--- GIVEN INFORMATION Enclosed Below ---

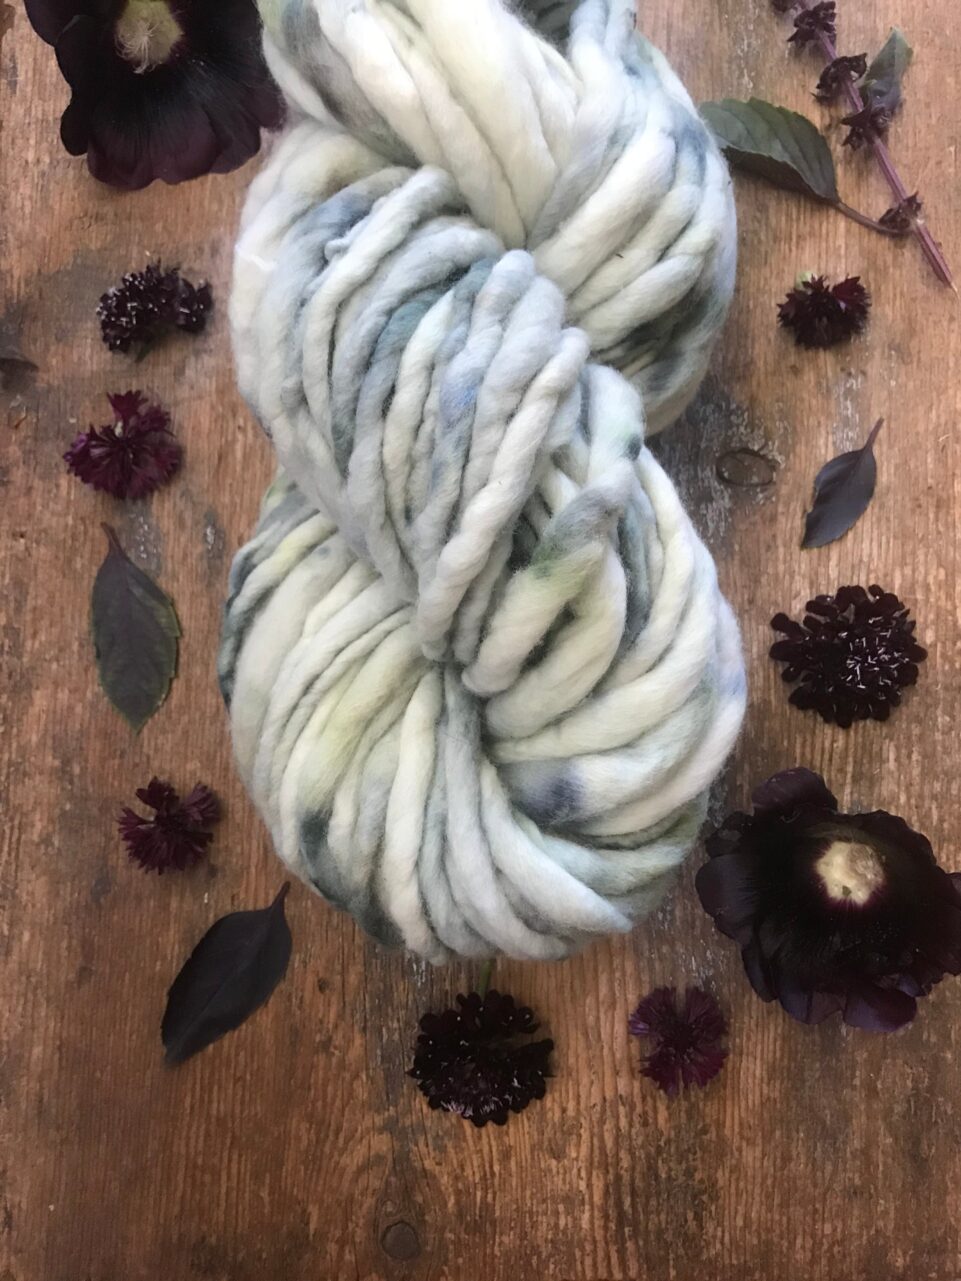 Handspun yarn hand dyed merino wool, Luxurious Hand Dyed Merino
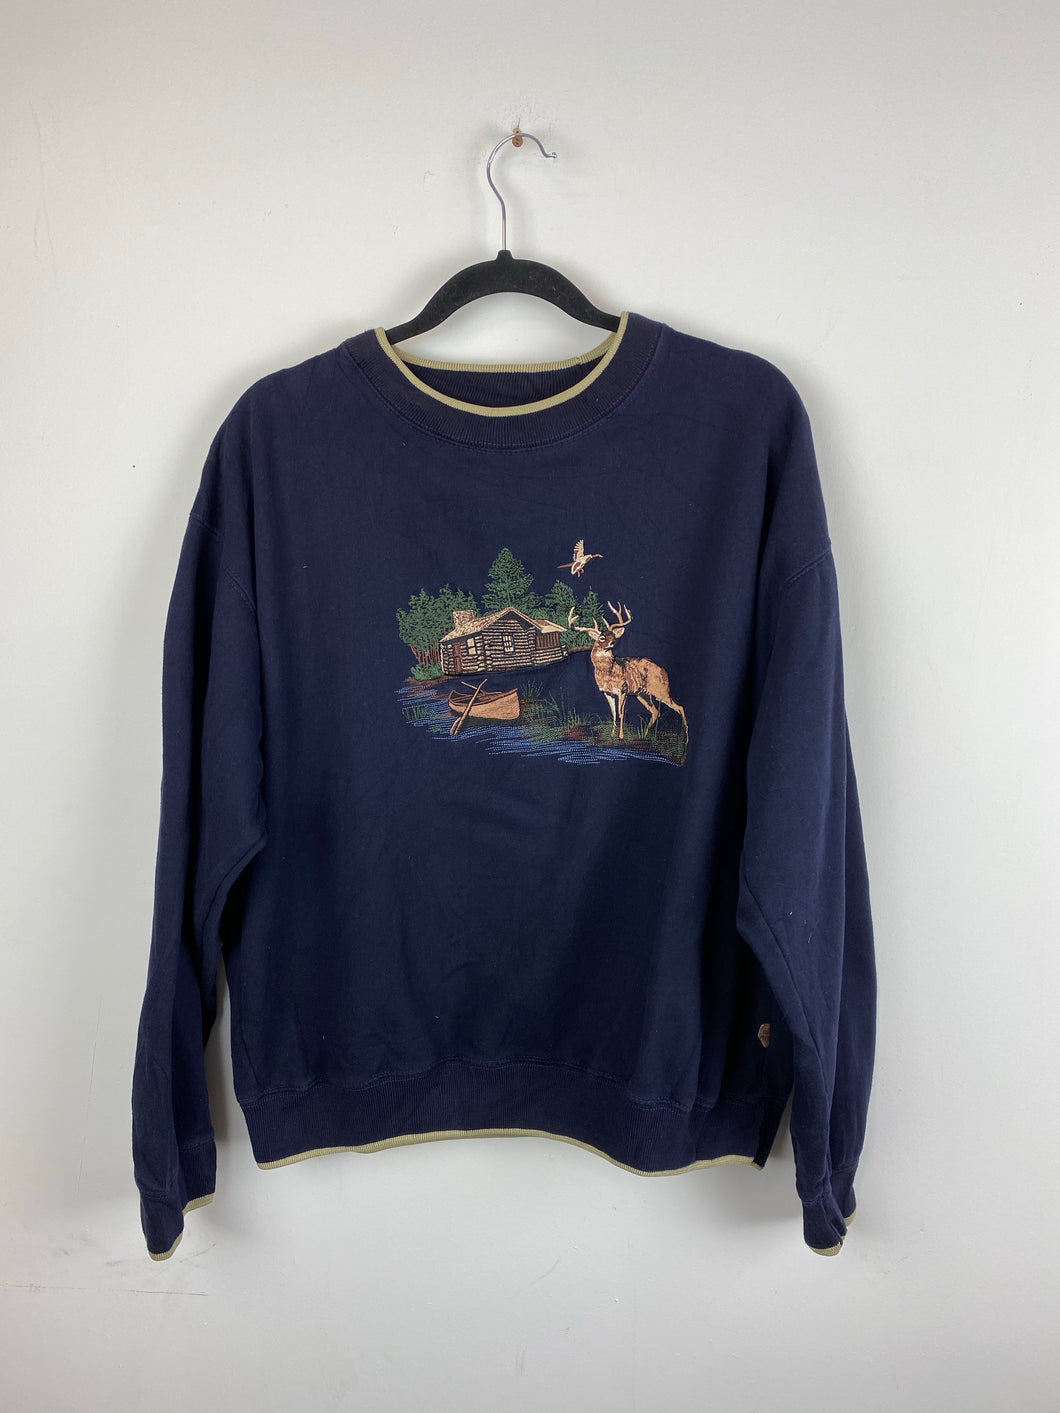 Vintage embroidered Deer crewneck
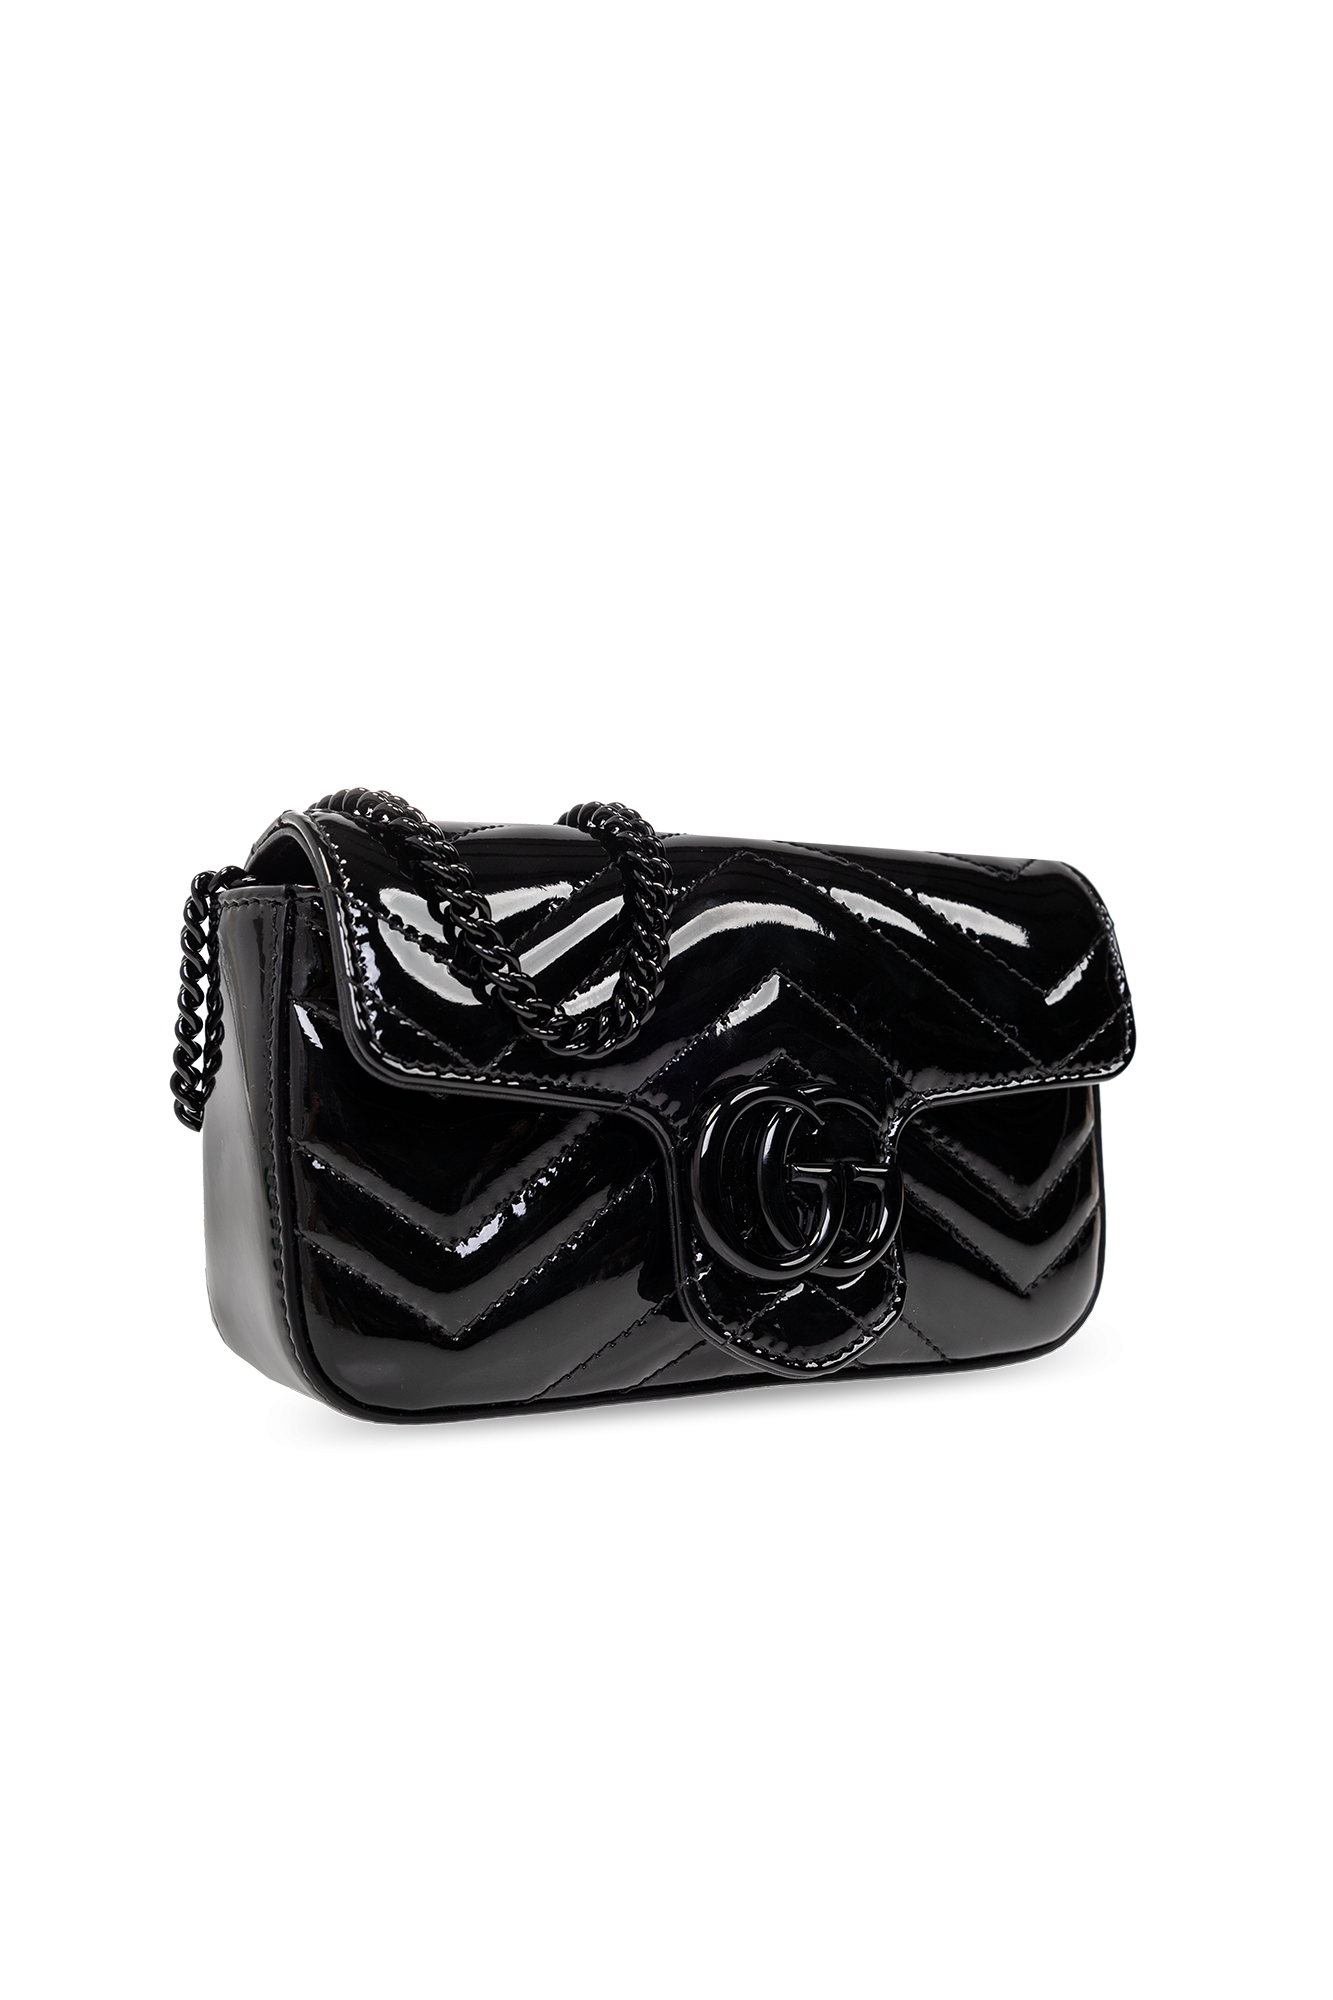 Gucci GG Marmont Patent Super Mini Bag Black Patent Leather in
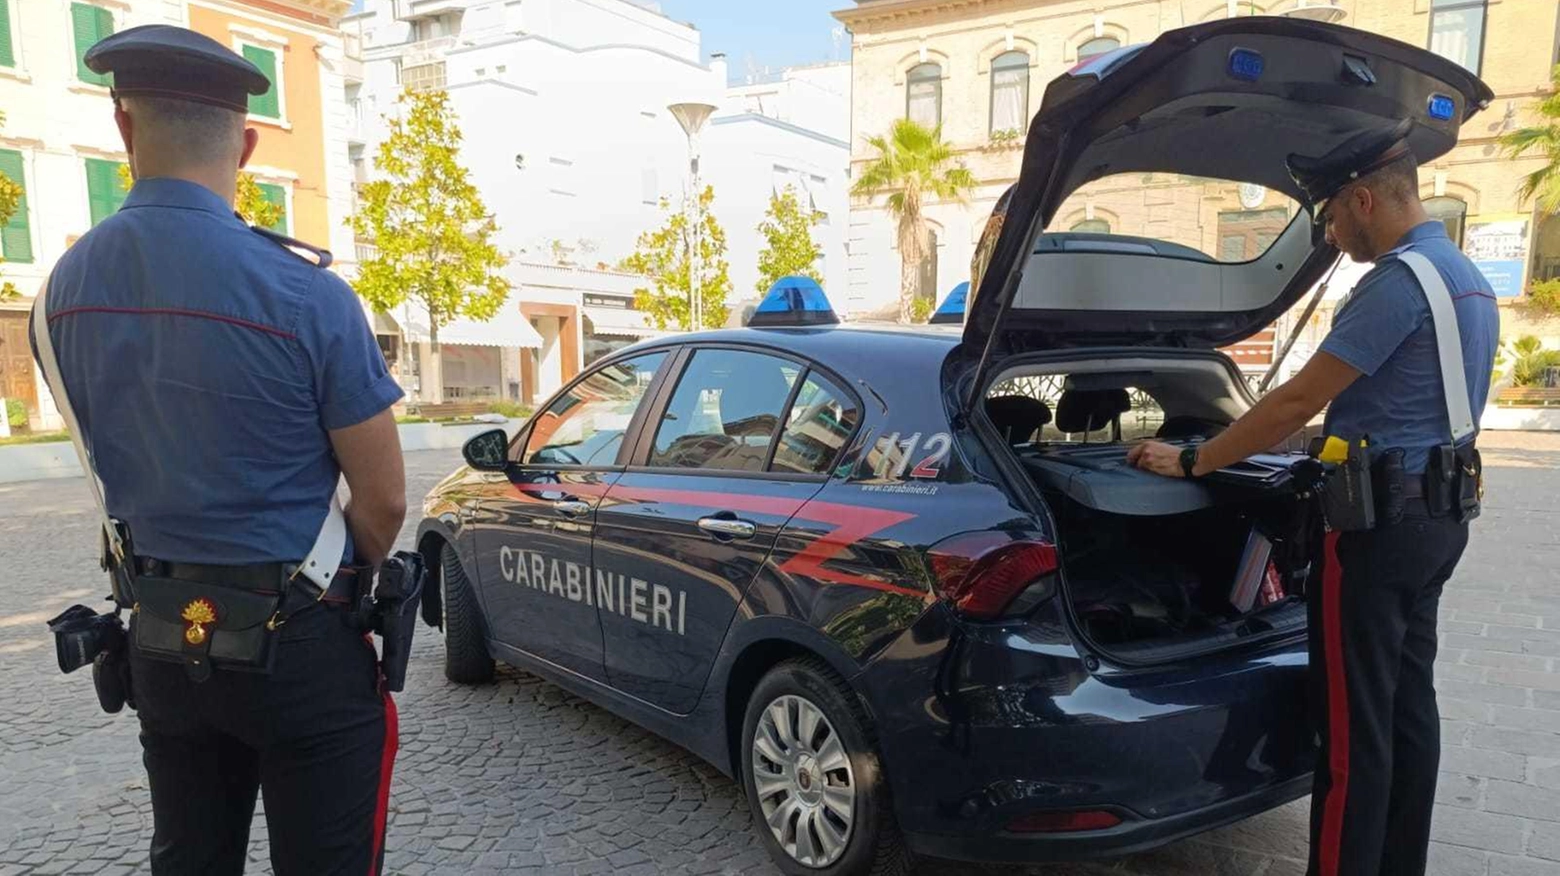 Le indagini sulla morte dell'84enne sono state affidate ai carabinieri

--- End of Enclosed GIVEN INFORMATION ---

Reproduce the data exactly, please, and omit its pictures.

** PROBLEM SOLUTION **
 Handspun yarn hand dyed merino wool, Luxurious Hand Dyed Merino
 Vintage embroidered Deer crewneck
 Gucci GG Marmont Patent Super Mini Bag Black Patent Leather in
 Le indagini sulla morte dell'84enne sono state affidate ai carabinieri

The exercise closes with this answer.